The music for the plays falls into three categories. The first: songs that were especially composed for a play, like Where the bee sucks for The Tempest. Then there are the songs where the words are new or slightly altered like Jog On from The Winter’s Tale but which the playwright expected to go with a traditional melody. Then there are those songs well known to all and quoted verbatim in the plays like those associated with Ophelia in Hamlet. Her songs, for example Tomorrow Shall Be St.Valentine’s Day might well surprise an audience by their sexual innuendo when she appears during the play to be so chaste.
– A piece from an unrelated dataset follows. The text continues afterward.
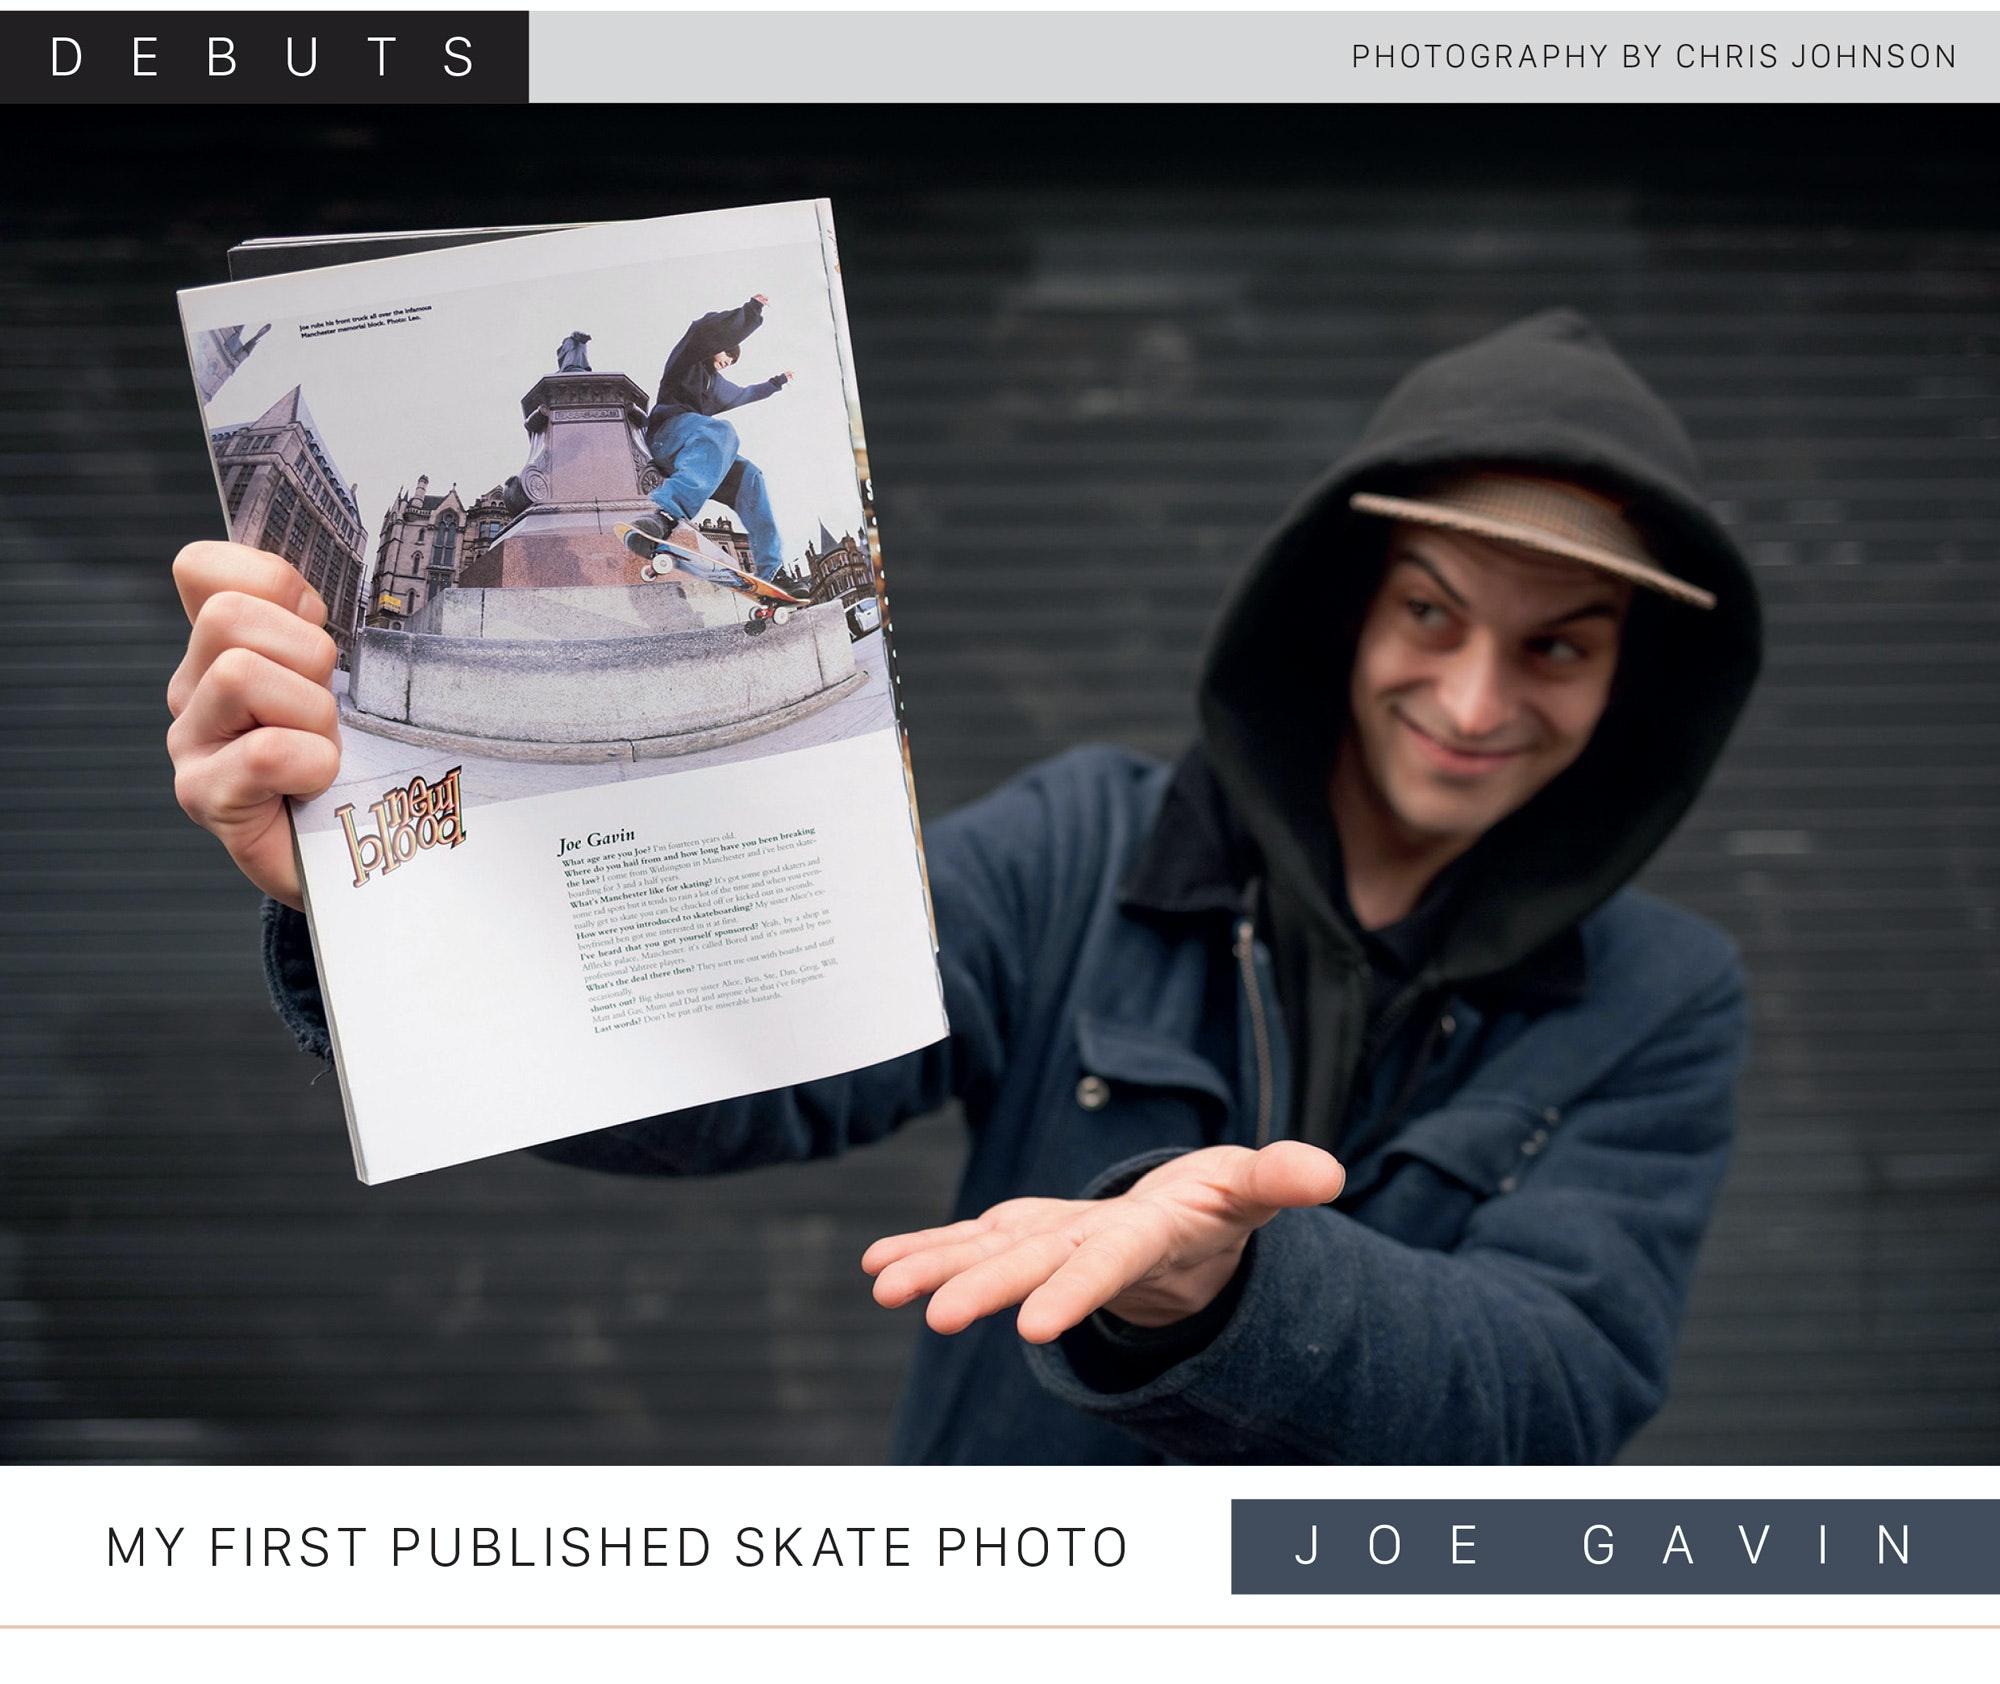 Debuts – Joe Gavin

A good textbook on the subject is the recently published ‘Shakespeare and Music’ by David Lindley in the Arden Shakespeare series (Thomson Learning, 2006). He often mentions the multifarious battle pieces and trumpet calls of which we know almost nothing. Shakespeare certainly required them and they are not, of course, recorded here. In addition to the songs we also have examples of many kinds of dance-forms mentioned and required throughout the plays. Lindley reminds us of several examples of ‘sad and solemn music’ as found in Henry VIII for the sleeping Queen Katherine. The CD has ten such tracks

The musicians who worked for Shakespeare’s Company ‘The Lord Chamberlain’s Men’ are a somewhat mysterious bunch. Some must have been fine actors as well as instrumentalists and singers. We shouldn’t be surprised however that Thomas Morley is featured. He was a London-based musician with access to Court. Although not a strikingly original composer he was a thoroughly professional musician who could no doubt have turned his hand to anything. He features early on in the CD as the music runs, as best as one can ascertain, in chronological order. There’s a section entitled ‘A year with Morley’; the year in question is 1599 which was incidentally a significant year anyway as David Shapiro in his best-seller 1599, A Year in the life of William Shakespeare (Faber, London 2000) has shown. It was in that year that Shakespeare and his men took out the lease on the now legendary Globe Theatre. Also in that year Shakespeare wrote Henry V - the dance La Volta is mentioned in the text - and As You Like It, possibly collaborating with Morley on the music.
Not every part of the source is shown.